0

I am new to Deep Learning and Keras. I have created a model that trains on the ASL(American Sign Language) dataset with nearly 80,000 training images and 1500 testing images. I have also appended some more classes ie. Hand sign numbers from 0-9. So, in total, I have 39 classes (0-9 and A-Z). My task is to training this dataset and use it for prediction. My input for prediction would be a frame from a webcam where I'll be displaying the hand sign.

My Keras Model

classifier = Sequential()

classifier.add(Conv2D(32, (3, 3), input_shape = (100, 100, 3), activation = 'relu'))
classifier.add(MaxPooling2D(pool_size = (2, 2)))

classifier.add(Conv2D(32, (3, 3), activation = 'relu'))
classifier.add(MaxPooling2D(pool_size = (2, 2)))

classifier.add(Flatten())

classifier.add(Dense(units = 128, activation = 'relu'))
classifier.add(Dense(units = 39, activation = 'softmax'))

classifier.compile(optimizer = 'adam', loss = 'binary_crossentropy', metrics = ['accuracy'])



from keras.preprocessing.image import ImageDataGenerator

train_datagen = ImageDataGenerator(rescale = 1./255,
                                   shear_range = 0.2,
                                   zoom_range = 0.2,
                                   horizontal_flip = True)

test_datagen = ImageDataGenerator(rescale = 1./255)

training_set = train_datagen.flow_from_directory('train',
                                                 target_size = (100,100),
                                                 batch_size = 128,
                                                 class_mode = 'categorical')
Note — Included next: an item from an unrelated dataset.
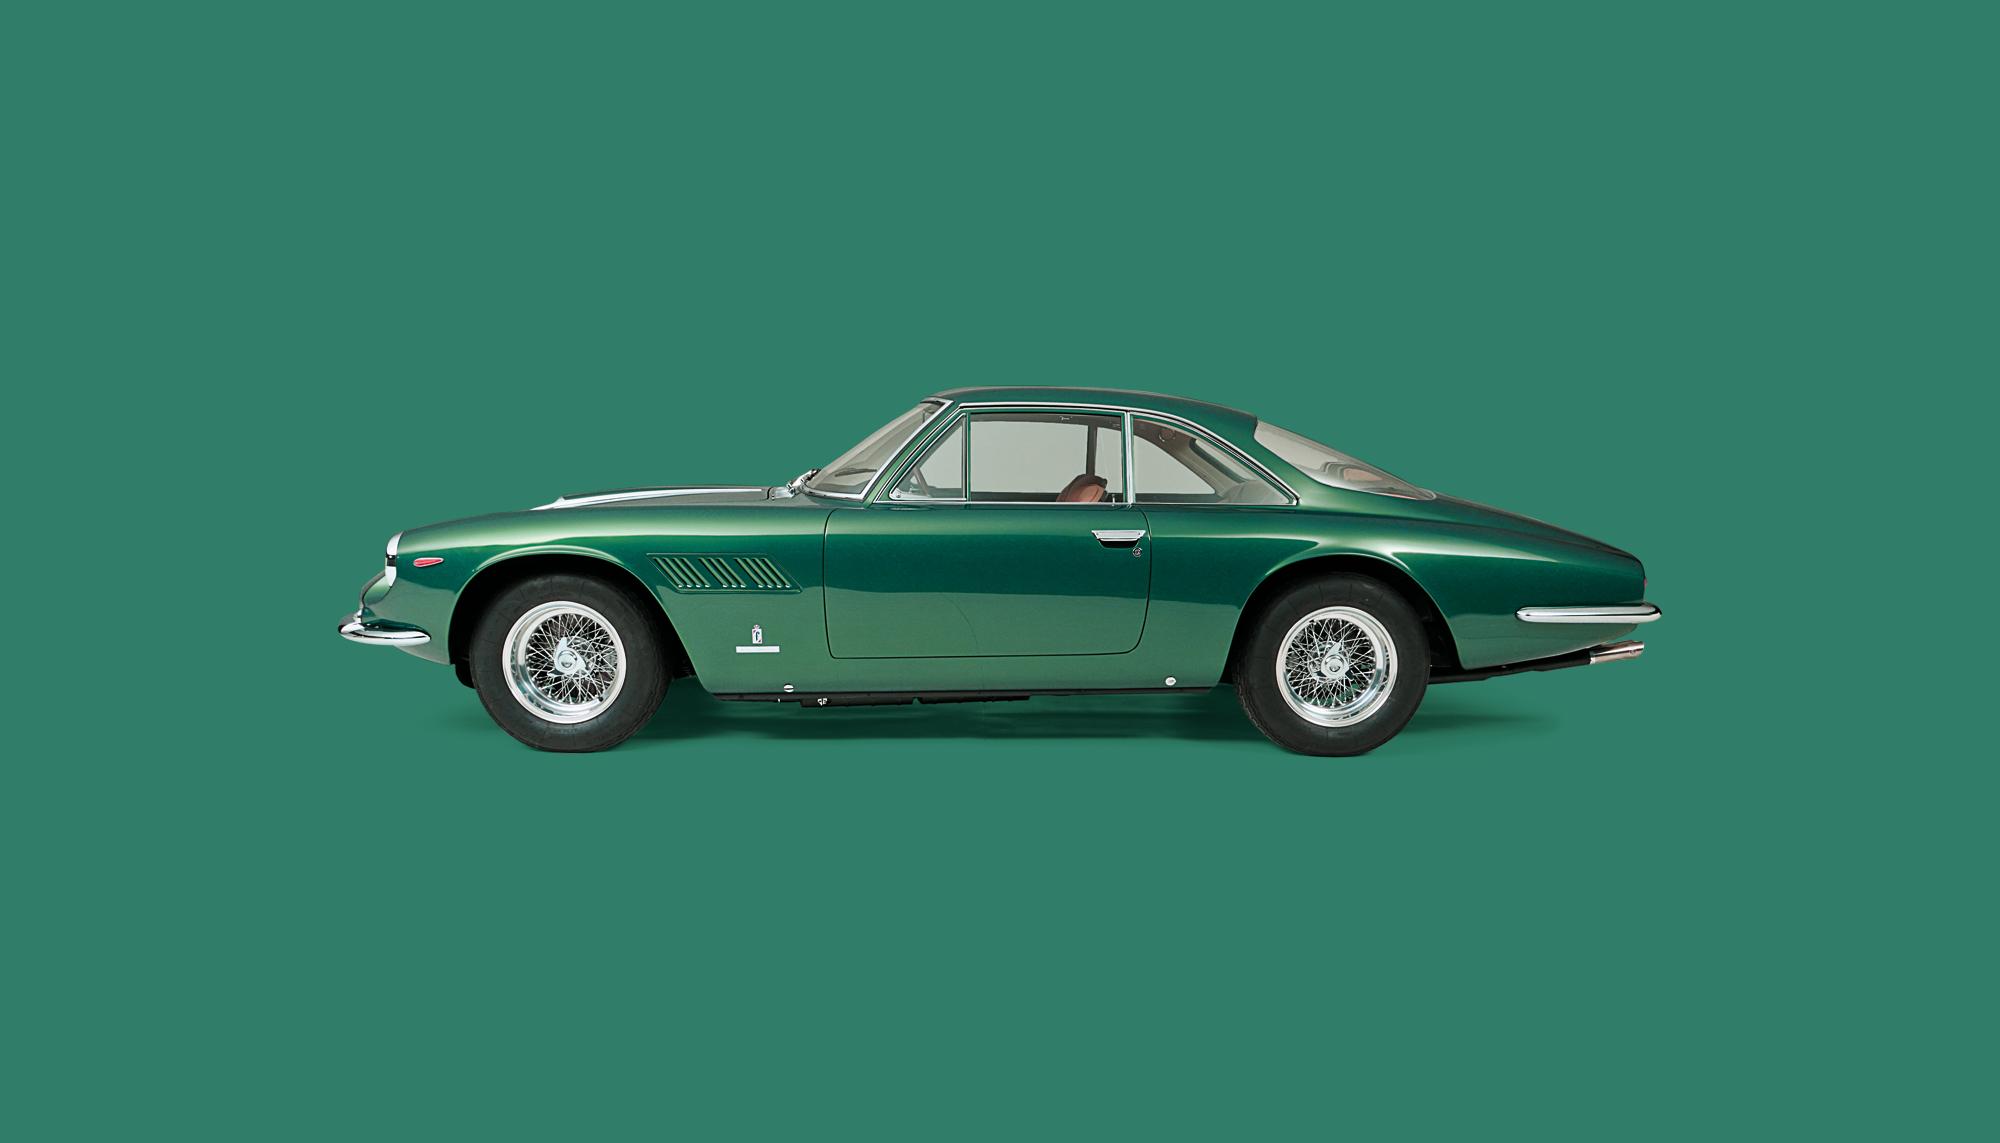 Bekijk Ferrari 500 Superfast Speziale in het Louwman Museum

test_set = test_datagen.flow_from_directory('test',
                                            target_size = (100, 100),
                                            batch_size = 128,
                                            class_mode = 'categorical')

classifier.fit_generator(training_set,
                         steps_per_epoch = 88534,
                         epochs = 10,
                         validation_data = test_set,
                         validation_steps = 1418)

The ASL dataset images are of size 200x200 and the number sign datasets are of size 64x64. After running for 5 epocs with validation accuracy 96% I am still not able to get good predictions when I run it on a video.

python program for frames of video

classifier = load_model('asl_original.h5')
classifier.compile(loss='binary_crossentropy',optimizer='rmsprop',metrics=['accuracy'])

cam = cv2.VideoCapture(0)

while(1):
    try:
        ret, frame = cam.read()
        frame = cv2.flip(frame,1)
        roi = frame[100:400,200:500]
        cv2.rectangle(frame,(200,100),(500,400),(0,255,0),2) 
        cv2.imshow('frame',frame) 
        cv2.imshow('roi',roi)
        img = cv2.resize(roi,(100,100))
        img = np.reshape(img,[1,100,100,3]) 
        classes = classifier.predict_classes(img)
        print(classes)

        if cv2.waitKey(1) & 0xFF == ord('q'):
            break


    except Exception:
        traceback.print_exc()
        pass

I Don't understand why am I not able to get accurate predictions even after training on such a large dataset. What changes do I need to make so that I get accurate predictions for all my 39 classes.

Link for the datasets. ASL DATASET and Hand sign for numbers

Community
  • 1
  • 1
LalaLand
  • 139
  • 3
  • 14
  • This has nothing to do with the title: "unnecessary folders getting zipped during zipping file using python" You need to make your titles reflective of the general question: https://meta.stackexchange.com/questions/10647/how-do-i-write-a-good-title – tnknepp Feb 11 '20 at 16:47
  • sorry, Wrong title – LalaLand Feb 11 '20 at 16:59

1 Answers1

2

In the classifier.compile you use the loss='binary_crossentropy' that is used only where the labels are binary (only two classes). When you have multiclass classification you must use the appropriate loss function based on the numbers and types of your labels (i.e. 'sparse_categorical_crossentropy').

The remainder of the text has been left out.